“The Act is unprecedented,“ the counsels for petitioners—TikTok and ByteDance—stated in the legal brief. ”Never before has Congress expressly singled out and shut down a specific speech forum. Never before has Congress silenced so much speech in a single act.”
They stated that “a claim of national security does not override the Constitution.”
The Committee on Foreign Investment in the United States (CFIUS), the other party ByteDance and TikTok negotiated the national security agreement with, stopped engagement in September 2022, according to the legal brief. Petitioners’ counsels said CFIUS informed the companies in March 2023 that “‘senior government officials’ demanded divestment—without explaining why the Agreement was insufficient.”
PRC is the acronym for China’s official name, the People’s Republic of China.
“TikTok’s content selection relies on a proprietary PRC-based algorithm, creating the potential for the PRC to influence content on TikTok—without United States visibility,” the DOJ memo reads.
It mentioned an additional application security issue.
“TikTok’s source code and some operations are based in the PRC, which creates the potential for the PRC to exploit them for other potentially malign uses,” the memo reads.
The algorithm and its source code seem to be the core issue.

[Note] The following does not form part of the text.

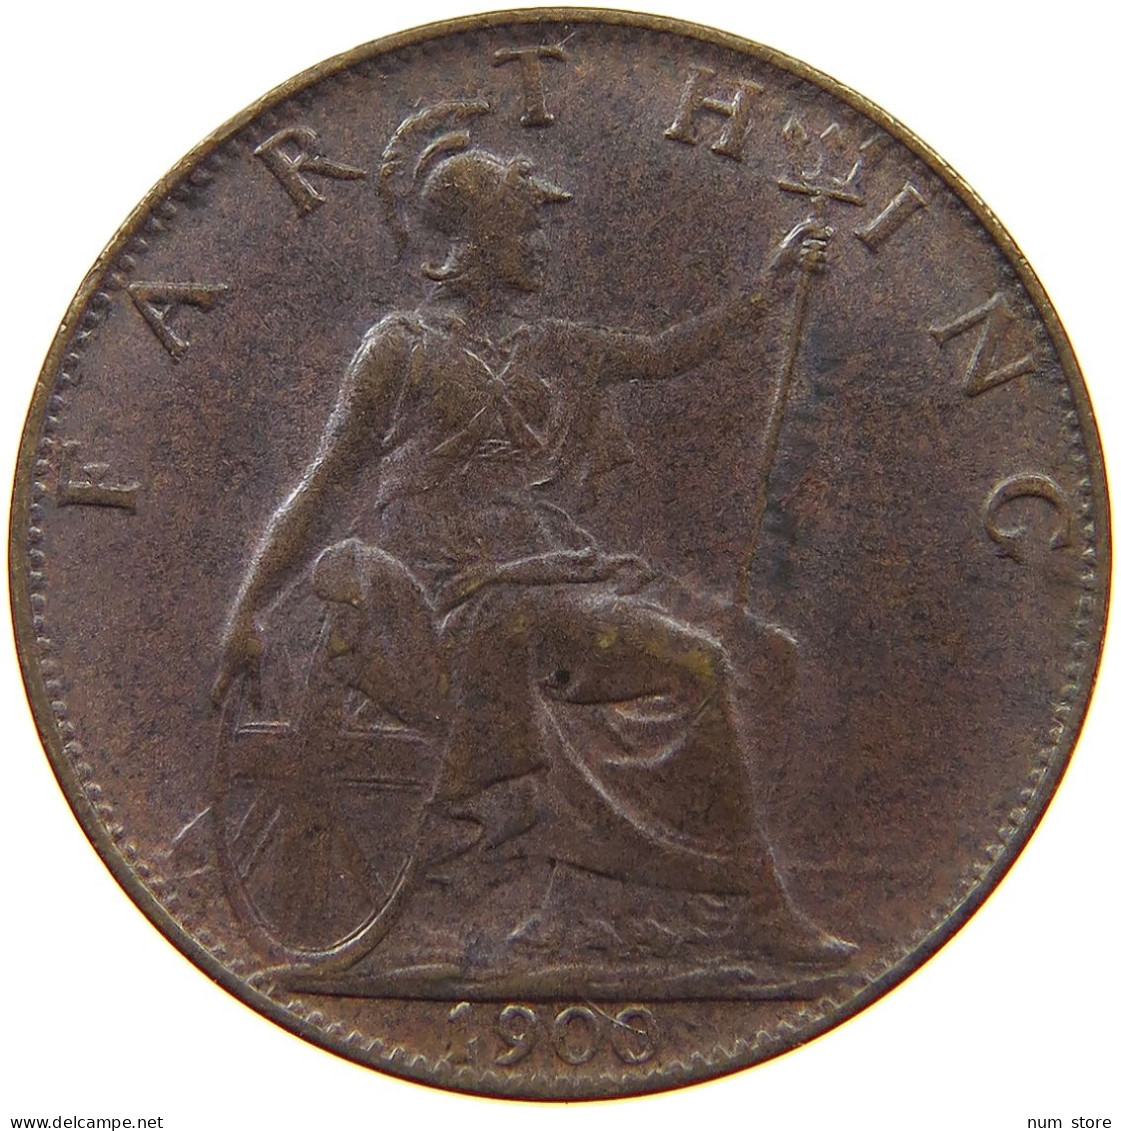 GREAT BRITAIN FARTHING 1900 Victoria 1837-1901 #a011 0967 - B. 1 Farthing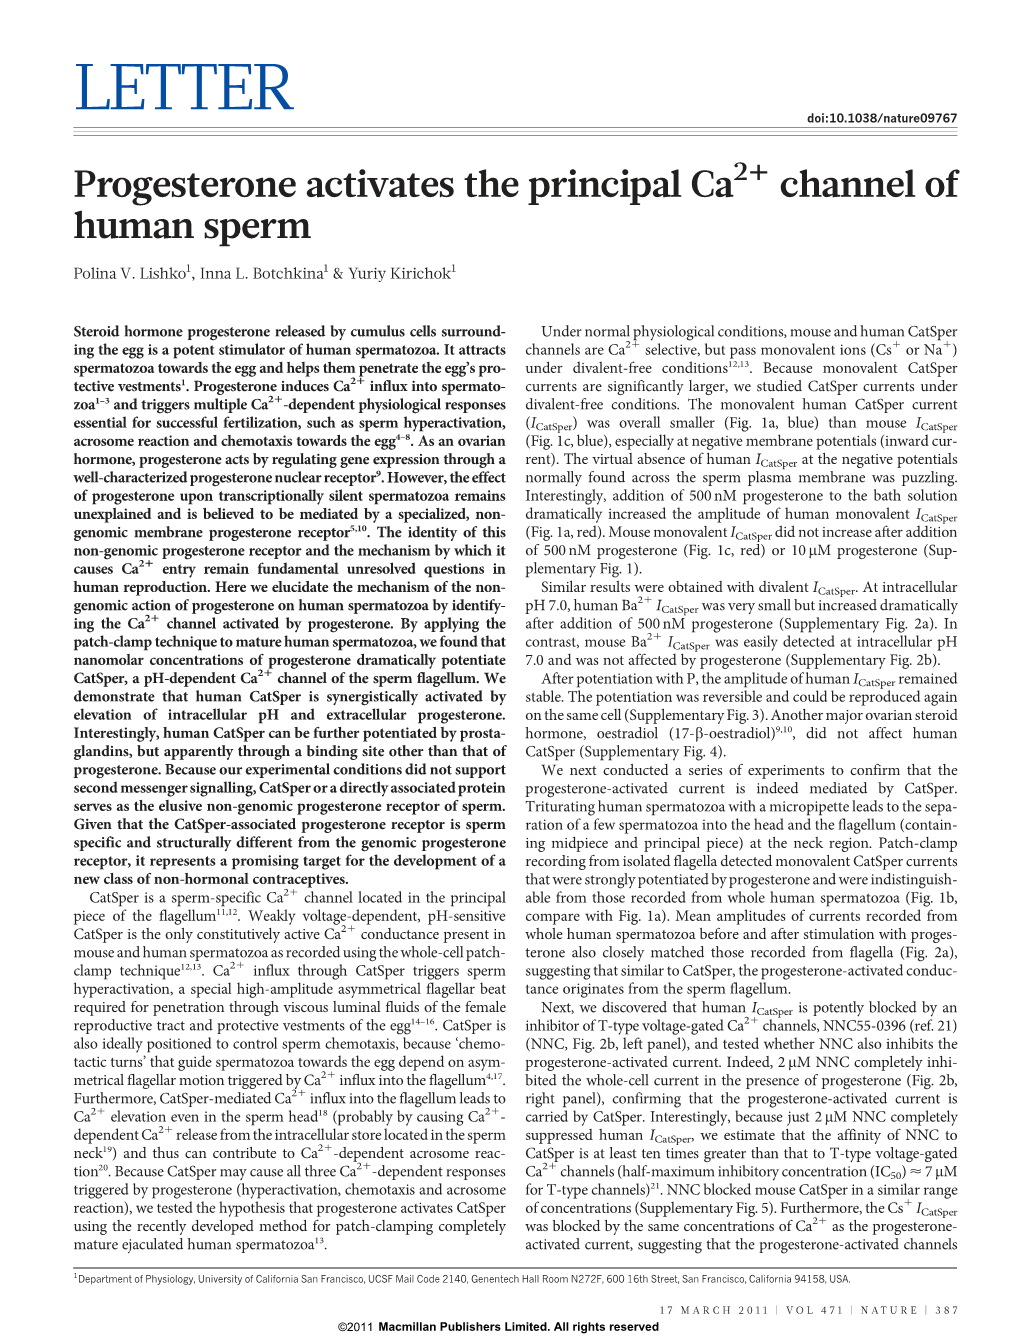 Progesterone Activates the Principal Ca2+ Channel of Human Sperm

The petitioners’ counsels said the divestiture wasn’t feasible because of the reliance on program code development and technical support from ByteDance employees. The legal brief also cites that the PRC “would not permit a forced divestment of the recommendation engine,” referring to the algorithm that recommends content to TikTok users in their “for you” feed.
“Even if divestiture were feasible, TikTok in the United States would still be reduced to a shell of its former self, stripped of the innovative and expressive technology that tailors content to each user,” the counsel said.
The initial deadline for the forced TikTok sale is Jan. 19, 2025, before the next presidential inauguration day. According to the law, President Biden can extend the deadline by three months to allow the deal to be completed.
The DOJ’s response is due by July 26.